> INFORMATION SUPPLIED
---*---
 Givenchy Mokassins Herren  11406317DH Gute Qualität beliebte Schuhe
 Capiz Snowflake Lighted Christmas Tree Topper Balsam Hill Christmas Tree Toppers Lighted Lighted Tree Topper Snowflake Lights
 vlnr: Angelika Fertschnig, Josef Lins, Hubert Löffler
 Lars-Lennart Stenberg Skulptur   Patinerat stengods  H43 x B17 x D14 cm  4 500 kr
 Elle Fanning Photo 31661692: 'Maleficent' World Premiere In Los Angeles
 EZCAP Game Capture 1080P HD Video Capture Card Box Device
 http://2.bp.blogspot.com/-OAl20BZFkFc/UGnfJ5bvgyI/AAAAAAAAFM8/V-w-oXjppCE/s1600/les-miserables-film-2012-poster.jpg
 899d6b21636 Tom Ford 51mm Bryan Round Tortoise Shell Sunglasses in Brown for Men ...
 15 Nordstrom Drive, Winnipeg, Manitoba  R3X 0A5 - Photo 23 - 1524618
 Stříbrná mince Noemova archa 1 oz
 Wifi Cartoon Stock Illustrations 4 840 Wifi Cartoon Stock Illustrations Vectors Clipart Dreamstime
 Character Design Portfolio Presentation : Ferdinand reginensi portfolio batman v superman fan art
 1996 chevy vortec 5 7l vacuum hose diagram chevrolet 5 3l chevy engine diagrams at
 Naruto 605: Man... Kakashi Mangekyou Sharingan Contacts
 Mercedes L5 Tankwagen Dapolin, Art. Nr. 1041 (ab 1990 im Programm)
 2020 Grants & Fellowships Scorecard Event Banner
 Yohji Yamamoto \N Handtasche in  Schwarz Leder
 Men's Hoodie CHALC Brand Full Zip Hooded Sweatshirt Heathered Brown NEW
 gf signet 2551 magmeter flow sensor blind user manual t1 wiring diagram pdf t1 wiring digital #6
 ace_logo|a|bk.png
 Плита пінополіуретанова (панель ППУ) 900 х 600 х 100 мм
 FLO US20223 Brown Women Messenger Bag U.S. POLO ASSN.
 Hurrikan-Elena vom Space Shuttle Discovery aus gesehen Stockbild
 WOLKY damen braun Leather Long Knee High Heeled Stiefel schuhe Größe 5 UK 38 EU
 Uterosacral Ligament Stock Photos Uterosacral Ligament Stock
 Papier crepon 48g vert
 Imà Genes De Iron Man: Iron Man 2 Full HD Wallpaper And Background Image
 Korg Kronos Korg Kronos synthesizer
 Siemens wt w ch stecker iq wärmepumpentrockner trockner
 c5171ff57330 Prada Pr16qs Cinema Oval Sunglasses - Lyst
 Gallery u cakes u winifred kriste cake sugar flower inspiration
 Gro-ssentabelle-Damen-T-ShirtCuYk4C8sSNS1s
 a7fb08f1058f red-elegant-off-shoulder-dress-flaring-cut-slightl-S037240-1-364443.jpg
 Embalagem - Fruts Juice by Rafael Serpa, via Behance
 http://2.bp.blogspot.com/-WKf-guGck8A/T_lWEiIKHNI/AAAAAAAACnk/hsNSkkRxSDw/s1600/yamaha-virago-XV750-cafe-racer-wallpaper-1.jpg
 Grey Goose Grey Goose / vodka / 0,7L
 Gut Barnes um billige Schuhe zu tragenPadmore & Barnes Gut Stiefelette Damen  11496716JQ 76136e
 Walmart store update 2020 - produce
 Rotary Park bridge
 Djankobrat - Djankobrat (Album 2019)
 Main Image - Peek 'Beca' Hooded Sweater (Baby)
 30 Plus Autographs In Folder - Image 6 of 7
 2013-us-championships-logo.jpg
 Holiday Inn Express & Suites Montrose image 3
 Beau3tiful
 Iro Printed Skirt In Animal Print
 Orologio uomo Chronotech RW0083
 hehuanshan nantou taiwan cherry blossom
---*---
> PROBLEM DETAILS
The lines to output run from the one containing "Djankobrat - Djankobrat (Album 2019)" to the last line of the entries; give them back exactly.

> RESPONSE FOR THIS EXERCISE
 Djankobrat - Djankobrat (Album 2019)
 Main Image - Peek 'Beca' Hooded Sweater (Baby)
 30 Plus Autographs In Folder - Image 6 of 7
 2013-us-championships-logo.jpg
 Holiday Inn Express & Suites Montrose image 3
 Beau3tiful
 Iro Printed Skirt In Animal Print
 Orologio uomo Chronotech RW0083
 hehuanshan nantou taiwan cherry blossom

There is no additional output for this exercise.